Losing weight and trying to maintain a healthy lifestyle requires determination and keeping a close watch on your calorie intake. Most dieters and weight-watchers switch to healthier diet options, paying close attention to the food labels on products and opting for those which have the least sugar content. Foods with marketing labels like “whole-grain”, “fat-free”, or “sugar-free” are walking off the shelves with remarkable speed. However, despite choosing these “healthier” options, people find that their weights aren’t exactly reflecting the change in diet.
Defining Hidden Sugars
This is because they failed to account for the “added sugar” or “hidden sugar” content in these foods. So, what exactly is added sugar? The USDA and FDA define them as sugars that don’t naturally occur in foods, but are artificially added in during processing. These include sugars like brown sugar, dextrose, fructose, corn syrup, lactose, invert sugar and maltose. The USDA has defined a complete list here.
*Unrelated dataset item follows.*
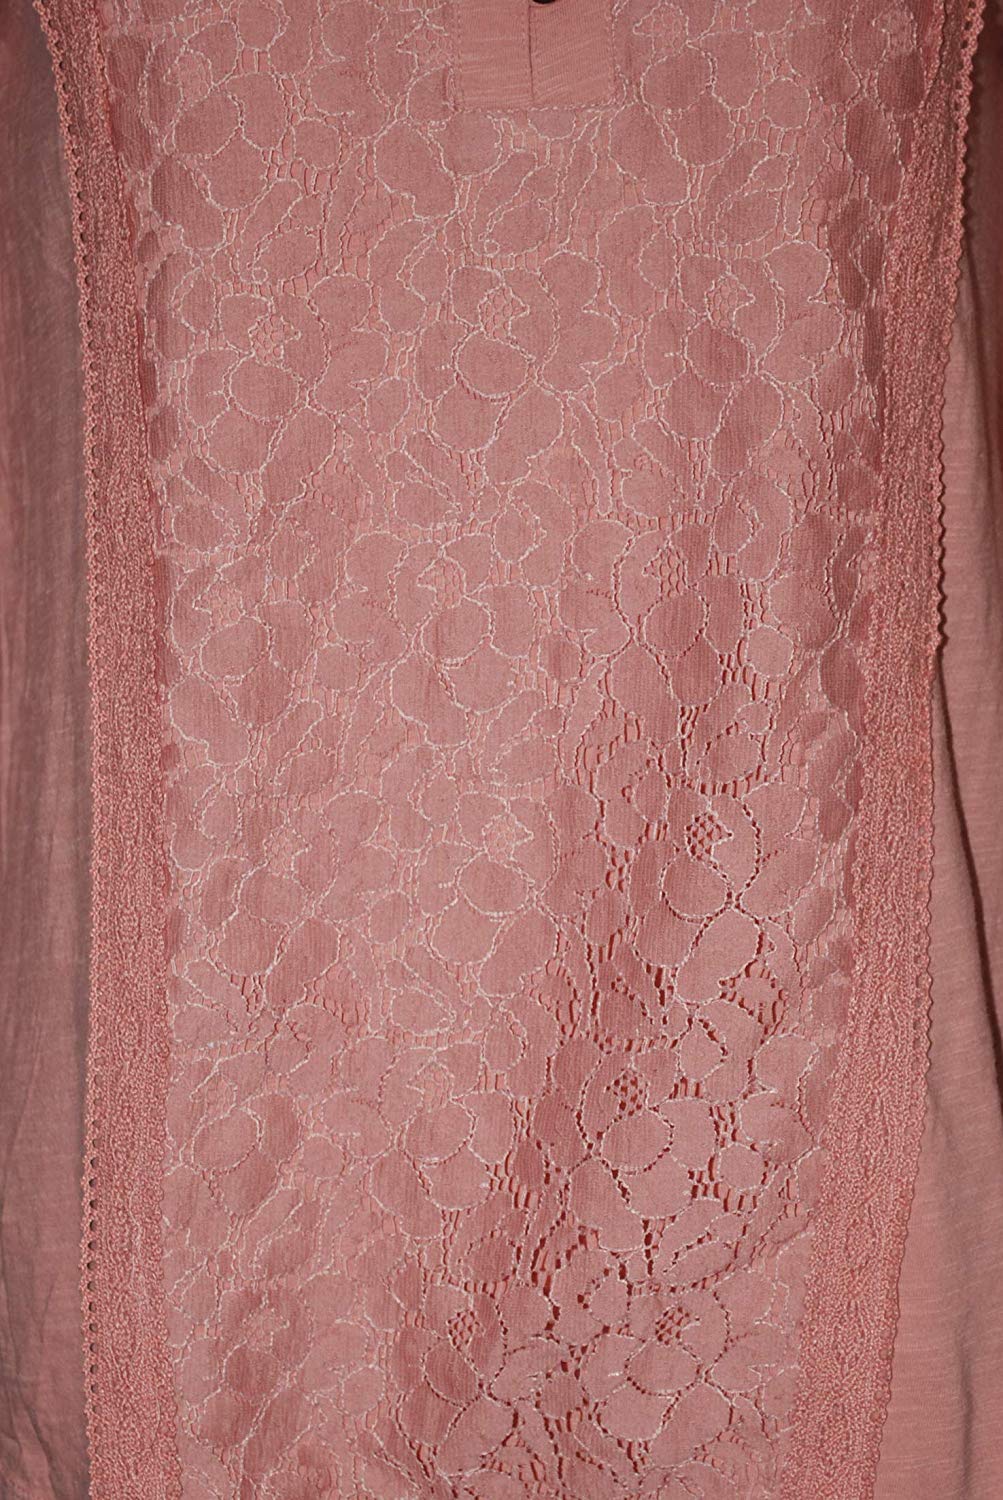 Style & Co. Women's Mixed Lace Trim Cotton Top (XS, Rose Sand)

The American Heart Association (AHA) recommends a daily added sugar intake of 25 grams for women (about 6 teaspoons) and 36 grams for men (about 9 teaspoons). So, checking the sugar content on the Nutrient Facts Label will tell you both the total sugar content and how much of that content is due to added sugars. The label also specifies the % Daily Value (DV) which indicates how much of the total calorie intake the added sugar accounts for.
Before 2016, the FDA did not require a mandatory inclusion of added sugar content on their Nutrient Facts label. This allowed some food manufacturers and producers to get around the recommended sugar limit by only specifying the added sugars in the ingredient list, masquerading under their various names (see list linked above). This meant that consumers were taking in a hidden sugar calorie count that exceeded the AHA’s recommended intake.
Therefore, you should also scan the ingredients list for any of the sugars specified in the list linked above, and try to cut down on any foods that list an added sugar content which is higher than the recommended amount.
Watch “Healthy” Foods too
These 5 popular foods may actually be packing quite a calorie punch of hidden sugars:
Granola Bars: These are considered super healthy, but a single granola bar can contain 8-12 grams of added sugars. Check the label for ingredients like brown sugar, honey, dextrose or fructose. Instead, reach for a handful of nuts or eat about 1/3 cup of granola.
Yogurt: Although yogurt comes packed with healthy nutrients like calcium and protein, it can ramp up your sugar intake by at least 30 grams per serving, especially if flavored. Instead, switch to plain Greek yogurt, mixed with a ½ teaspoon of honey.
Fruit Juice: Packaged juice is usually made from fruit concentrates which actually contain more sugar than their fresh counterparts. The concentration process tends to remove the natural taste from the fruits, and therefore added sugars are used to enhance the taste. They can have between 20 to 30 grams of sugar per serving. Instead, switch to freshly squeezed juice or homemade smoothies.
Oatmeal: Instant oatmeal, especially fruit-flavored oatmeal, can pack up to 10 to 15 grams of sugar per packet. Instead, opt for plain oatmeal topped with apple slices or strawberries to bring the sugar intake down to about 5 to 6 grams.
Energy Drinks: Energy drinks can pack up to 25 grams per 8-ounce serving. Try gulping down cool water or fresh fruit juices which contain natural sugars and can still give you that required energy boost.
In summary, always check the nutrient label and ingredient list. Stay informed on what added or hidden sugars are used in processed and packaged foods and avoid them even if they claim to be healthy options.